Ces deux procédures reposent sur des motifs différents, s'adressent à des personnes différentes, et sont assorties de délais très différents; il importe donc de déterminer laquelle correspond réellement aux faits avant d'engager des frais d'avocat.
Motifs pour contester la validité d'un testament
Absence de capacité de tester
Un testament valide exige que le testateur ait compris, au moment de la signature, la nature de l'acte de tester, l'étendue de son patrimoine, et les personnes qui s'attendraient normalement à en bénéficier. Les tribunaux canadiens appliquent toujours le critère de common law établi dans Banks v Goodfellow, et examinent de près les dossiers médicaux, les notes au dossier de l'avocat rédacteur, et les témoignages entourant la date de signature. Un diagnostic de démence ou d'incapacité, en soi, n'est pas concluant; la véritable question est celle de la capacité au moment où le testament a réellement été fait.
Influence indue
L'influence indue, ou captation, signifie qu'une personne a contraint le testateur à faire un testament qui ne reflète pas ses volontés véritables, en écartant son jugement libre. Contrairement à certaines demandes en matière de contrat ou de don, l'influence indue à l'égard d'un testament n'est pas présumée du simple fait que la personne influente exerçait un pouvoir sur le testateur. La personne qui l'allègue doit généralement prouver une coercition réelle, bien que la doctrine des circonstances suspectes, décrite plus bas, puisse déplacer le fardeau pratique.
Vice de forme dans l'exécution (formalités)
Chaque province établit des exigences de forme pour qu'un testament soit valide, généralement une signature du testateur et, pour un testament formel devant témoins, une signature en présence de deux témoins présents simultanément.
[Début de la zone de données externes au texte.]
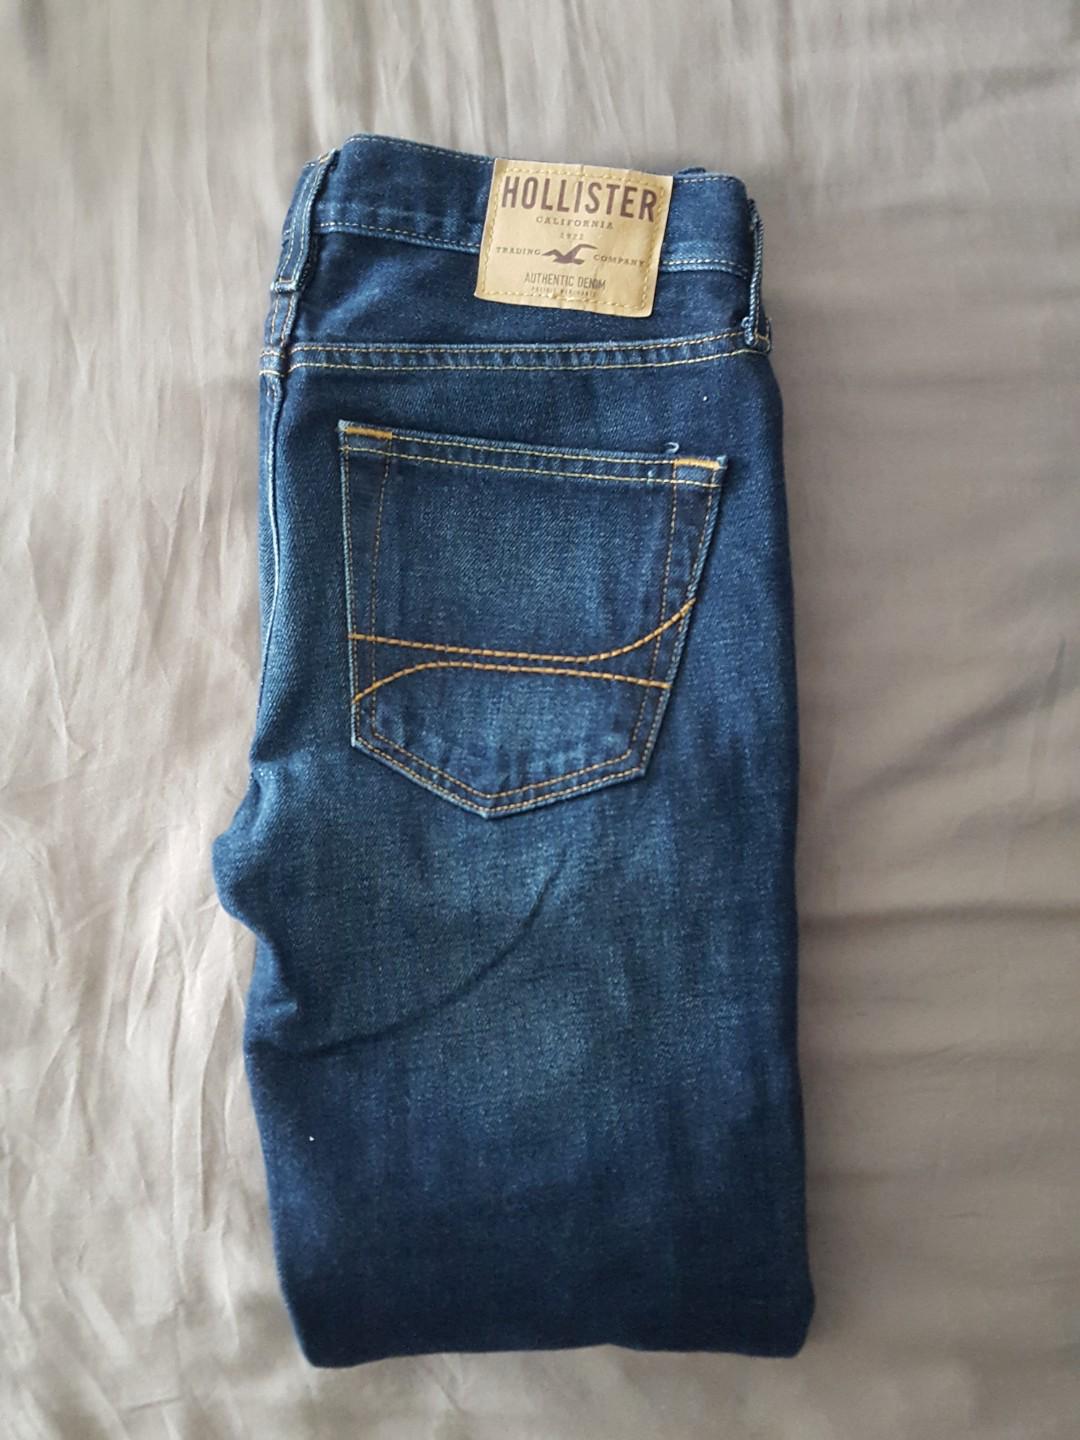 hollister male jeans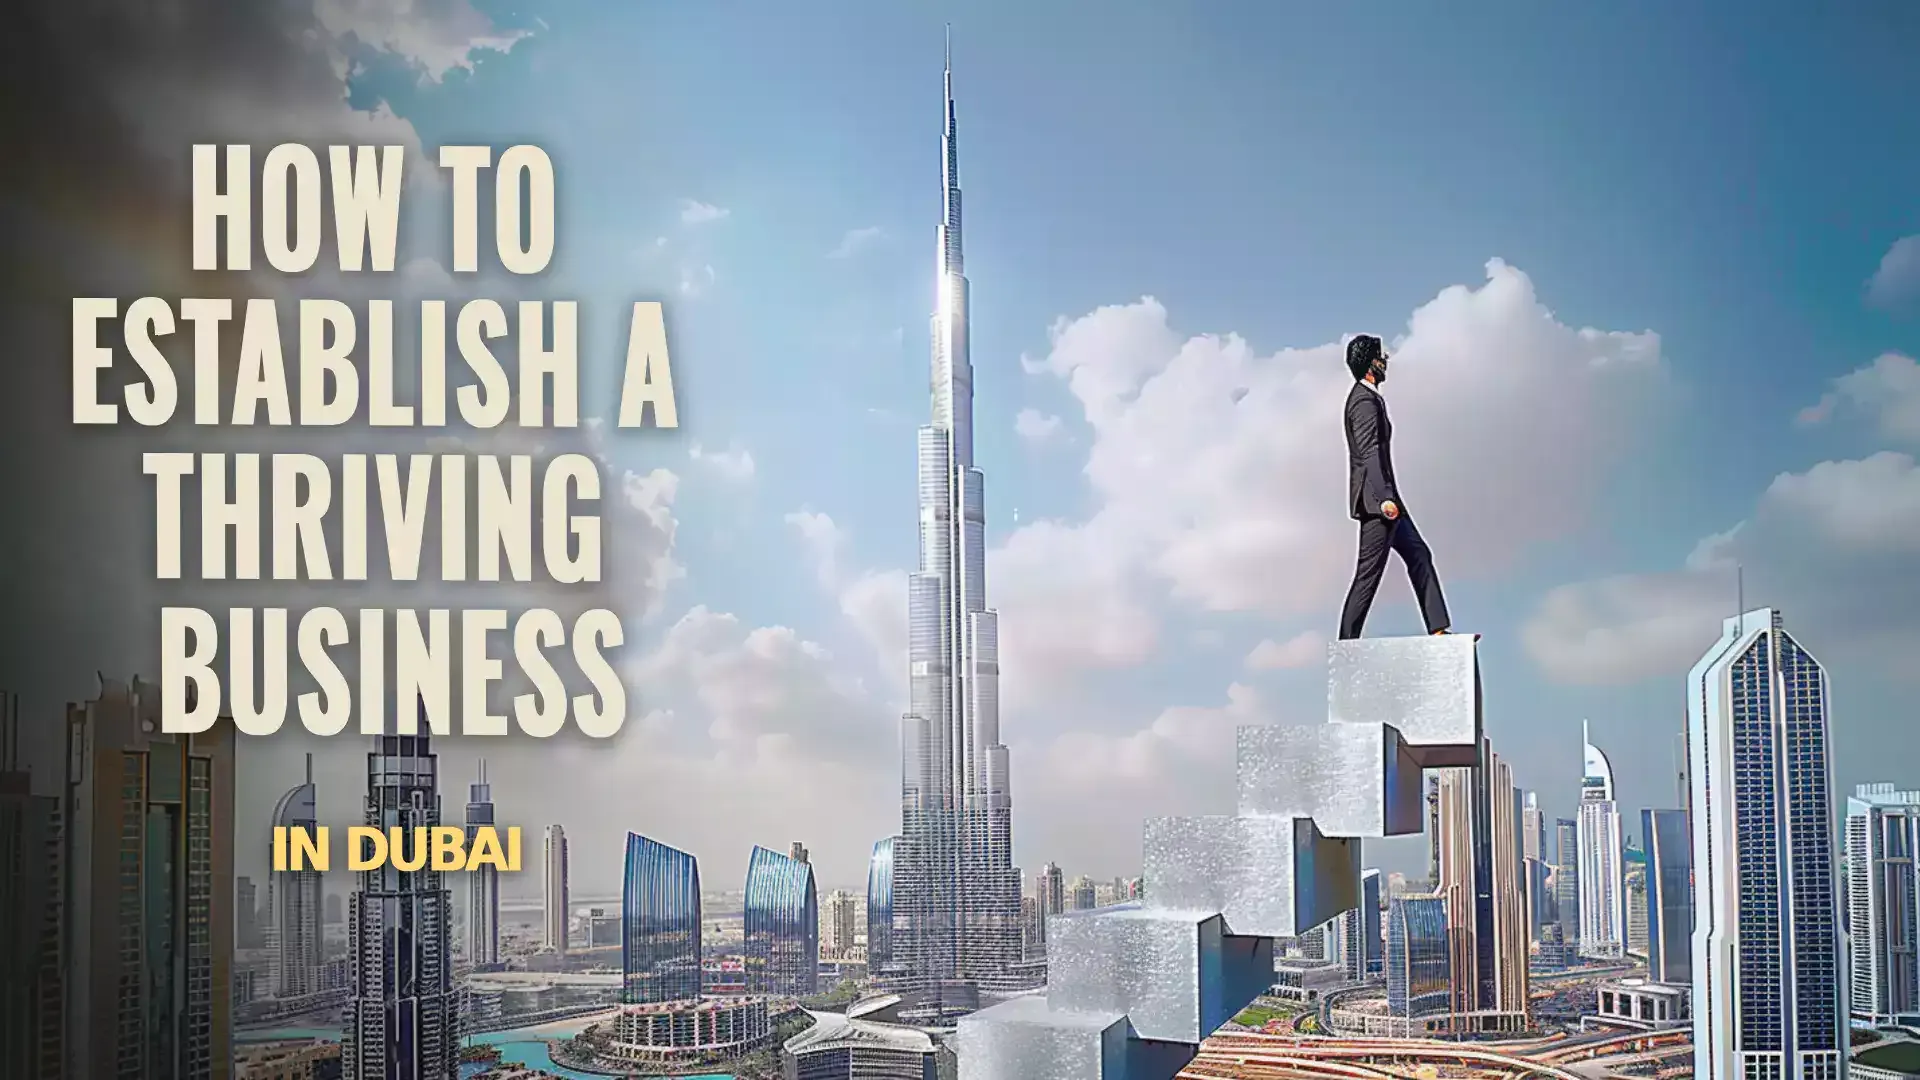 Image illustrating the vibrant business environment in Dubai

Un testament olographe, entièrement rédigé de la main du testateur, est valide dans la plupart des provinces sans témoin, mais pas comme document traditionnel sans témoin en Colombie-Britannique, bien que la Wills, Estates and Succession Act de cette province permette à un tribunal de valider un document qui reflète clairement une intention testamentaire malgré un vice de forme. L'absence d'un témoin, une signature non datée, ou des témoins qui n'étaient pas présents simultanément peuvent tous appuyer une contestation de validité.
Fraude ou faux
La fraude vise un testament obtenu par des mensonges, par exemple en présentant faussement le contenu d'un document différent que l'on a demandé au testateur de signer, tandis que le faux conteste l'authenticité de la signature ou du document lui-même. Ces demandes s'appuient habituellement sur une analyse graphologique, la datation du papier et de l'encre, et la preuve circonstancielle environnante.
Circonstances suspectes
Lorsque la personne qui a préparé le testament, ou qui en bénéficie substantiellement, a participé à donner les instructions à l'avocat ou à superviser la signature, les tribunaux canadiens, suivant l'arrêt de la Cour suprême du Canada dans Vout v Hilderley, considèrent cela comme une circonstance suspecte. Cela fait retomber le fardeau pratique sur la personne qui défend le testament, qui doit alors prouver que le testateur connaissait et approuvait réellement son contenu.
Qui peut contester un testament, et pendant combien de temps
La qualité pour alléguer qu'un testament est invalide est plus large que celle exigée pour une créance alimentaire des personnes à charge. En général, toute personne ayant un intérêt financier touché par le testament, comme un bénéficiaire en vertu d'un testament antérieur ou un héritier selon les règles de la succession ab intestat, peut présenter une contestation de validité. Une contestation générale de validité relève du litige civil ordinaire; elle tombe donc habituellement sous le délai de prescription de base de chaque province, communément deux ans à compter du moment où le demandeur a connu ou aurait raisonnablement dû connaître les motifs d'action, bien que les tribunaux conservent une certaine discrétion et que le délai ne commence pas toujours à courir à la date du décès.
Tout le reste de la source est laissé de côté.